I'd had hopes, it seemed, of becoming someone else at some point during my younger life. Hadn't I? What kind of life was this-dealing with the Leonards and Cody Falks, breaking into homes and committing felonious a.s.sault, snapping the anklebones of human beings, however putrid those human beings might be?
Cody's breath was coming in harsh sucking hisses as the shock wore off and the pain took hold.
I stepped over him and picked up the brightly colored sheets of paper he'd dropped on his way in. There were ten of them, all addressed to Cody, all written in a girlish scrawl.

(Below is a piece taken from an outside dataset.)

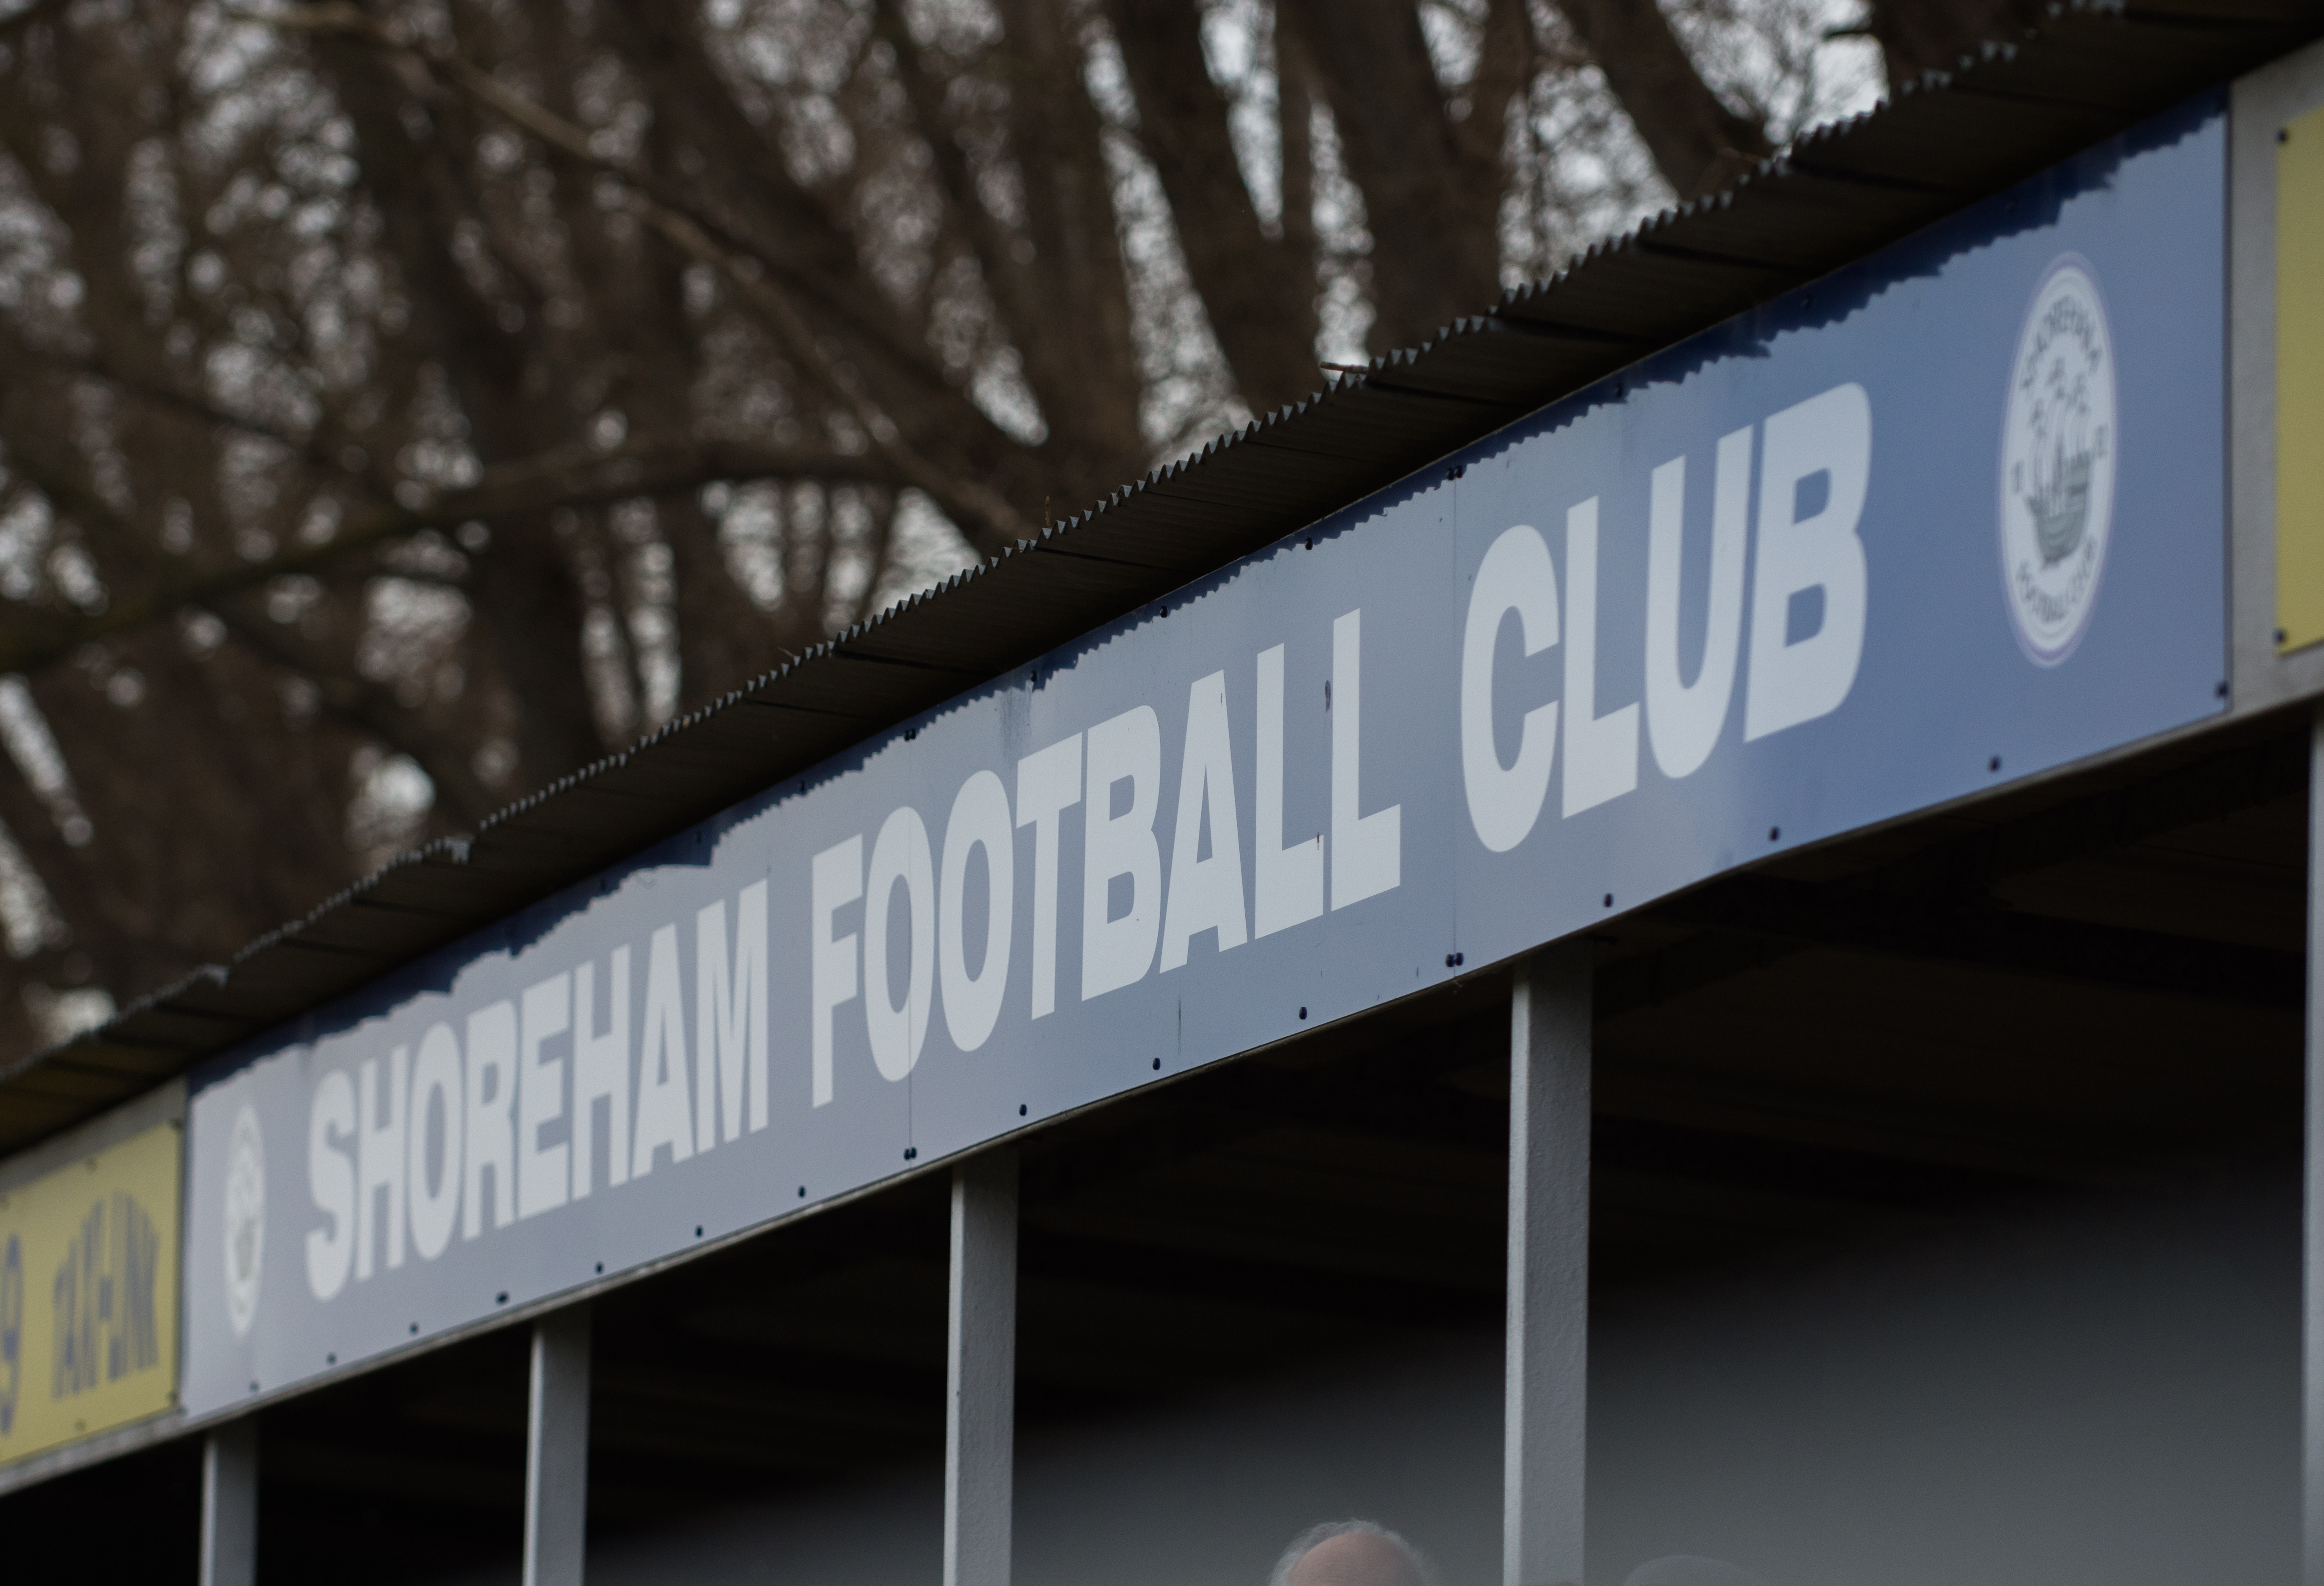 Shoreham FC vs Faversham Town 16.12.17 25

All were signed Karen Nichols.
Cody,
At the club, you seem to love your body as much as I do. I watch you with those weights and the sweat beads on your skin and I think of running my tongue up the inside of your thighs. I wonder when you're going to make good on your promises. That night in the parking lot, didn't you see it in my eyes? Haven't you ever been teased, Cody? Some women don't want to be courted, they want to be taken. They want to be ground down and held down. They want you to shove yourself in, Cody, not slide. Don't be gentle, a.s.shole. You want it? Come take it.
Are you up for that, Cody?
Or is it all just talk?
Waiting, Karen Nichols
The rest were more of the same-taunting, pleading, daring Cody to force himself on her.
Among the pages, I also found the note Karen had left on Cody's car, the one I'd balled up and stuffed in his mouth. Cody had smoothed it out, kept it as a souvenir.
Cody looked up at me. There was blood in his mouth, and a broken tooth or two rattled when he spoke.
"See? She asked for it. Literally."
I folded nine of the pages, put them in my jacket. I kept the tenth and the note I'd shoved in Cody's mouth in my hand. I nodded.